I would agree that the term FMEA should be eliminated in the context of Risk Management. It is often used as a synonym for the risk analysis, however, if the Risk Management File only includes documents like dFMEA, pFMEA, etc. I already would judge that this Risk Management process is not well understood.
And once again, the use of those two methods, when miss-applied doesn't guarantee adequate risk management coverage. If your scope is too narrow going up or down, you're too narrow either way. If your missing a hazard going down, you might as well miss it going up as it might be related to the team selected for either instead of the method.The basic principle is that at least two methods should be used (a bottom-up and a top-down method). In practice, you should look from the hazard-perspective (e.g., which hazards are relevant for my product, which hazardous situations could occur) and from the sequence of events perspective (how is the product being used, what can go wrong or what can happen if nothing goes wrong). This would ensure sufficient coverage of the risks.

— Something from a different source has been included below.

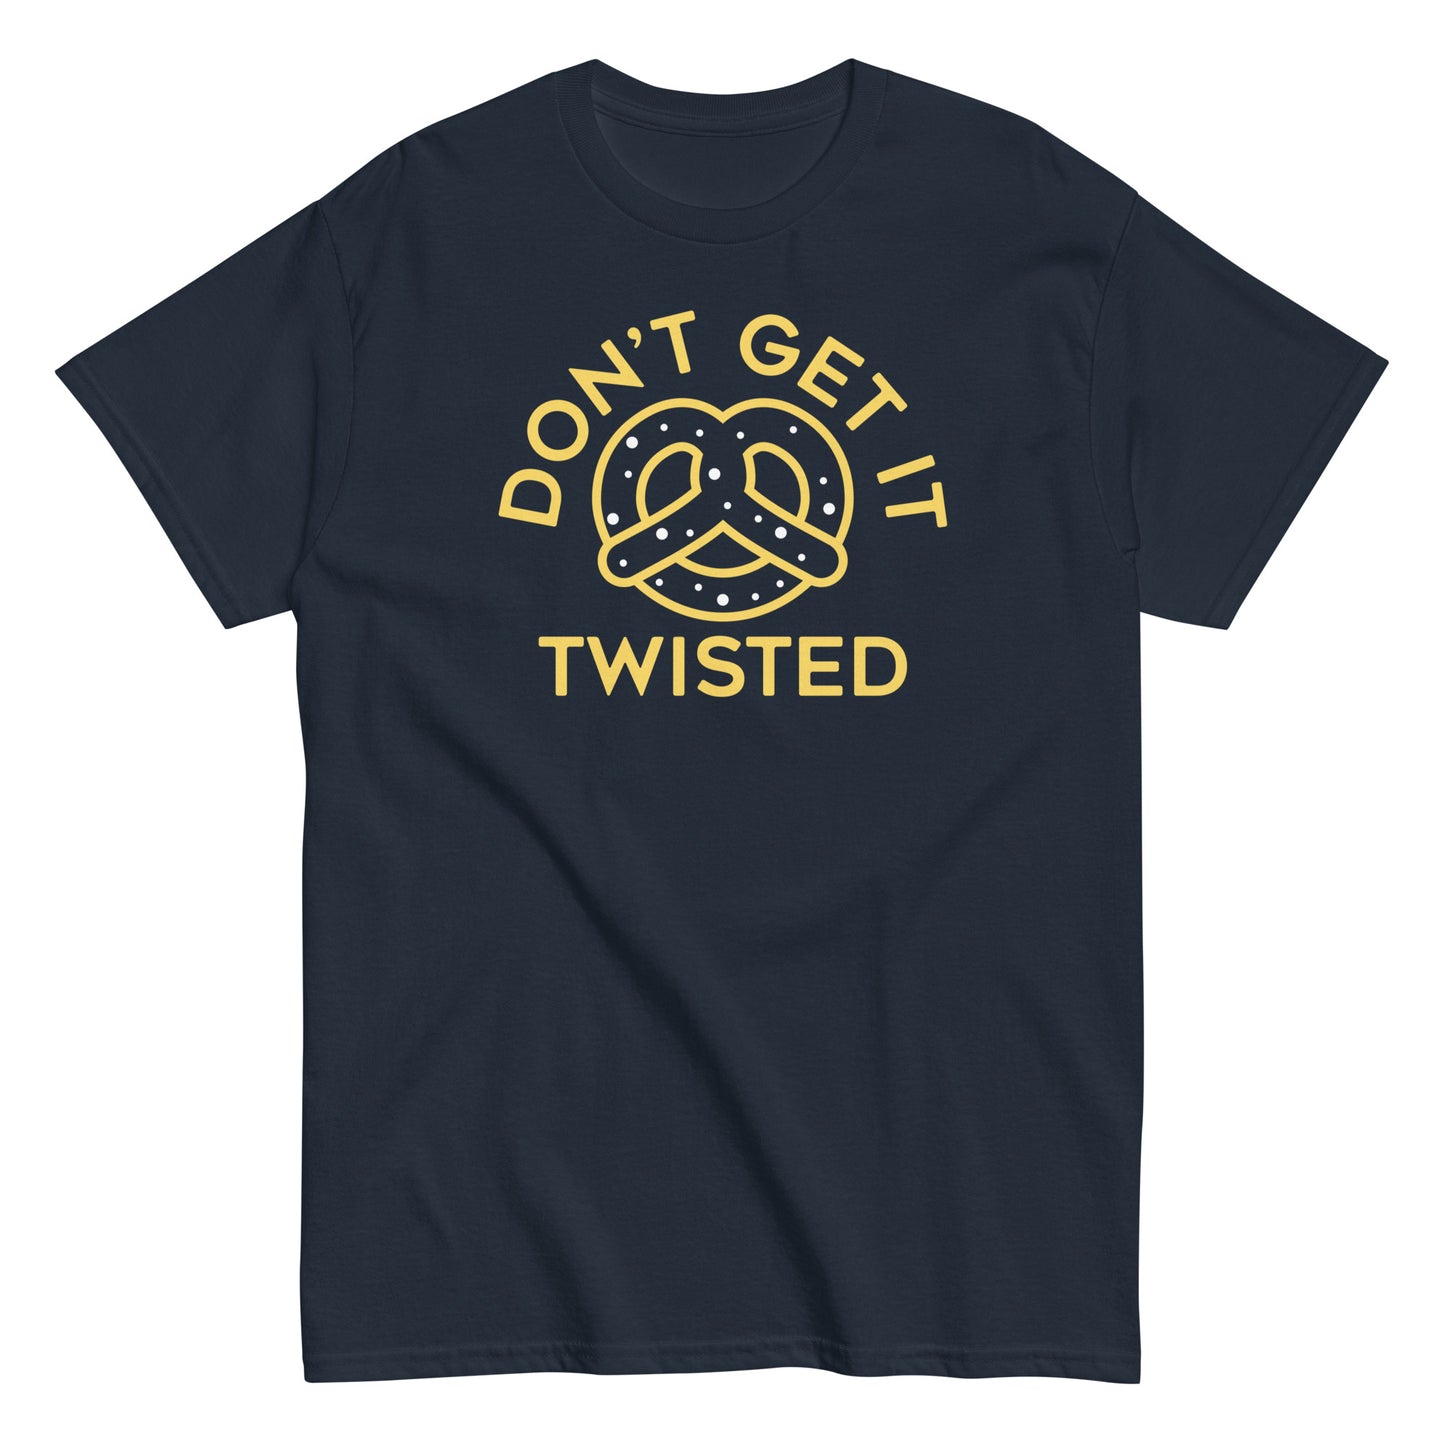 Don't Get It Twisted Men's Classic Tee

I know of no standard that integrates these general concepts (including risk) in the specific verbiage within the method (most likely due to legacy reasons), and neither do I know of any attempt to standardize this across all of them (the irony). We'll probably be a few decades before that is viable.I agree with what was said about the vocabulary. This is one of the significant issues that the terms hazard, hazardous situation, and harm are not considered when performing the risk analysis.
Even the examples for hazards in the current ISO 14971 are always compatible with the definition. E.g., the hazards related to labeling are from my perspective not in line with the definition. Therefore I am happy that in the 2019 revision this will be fixed.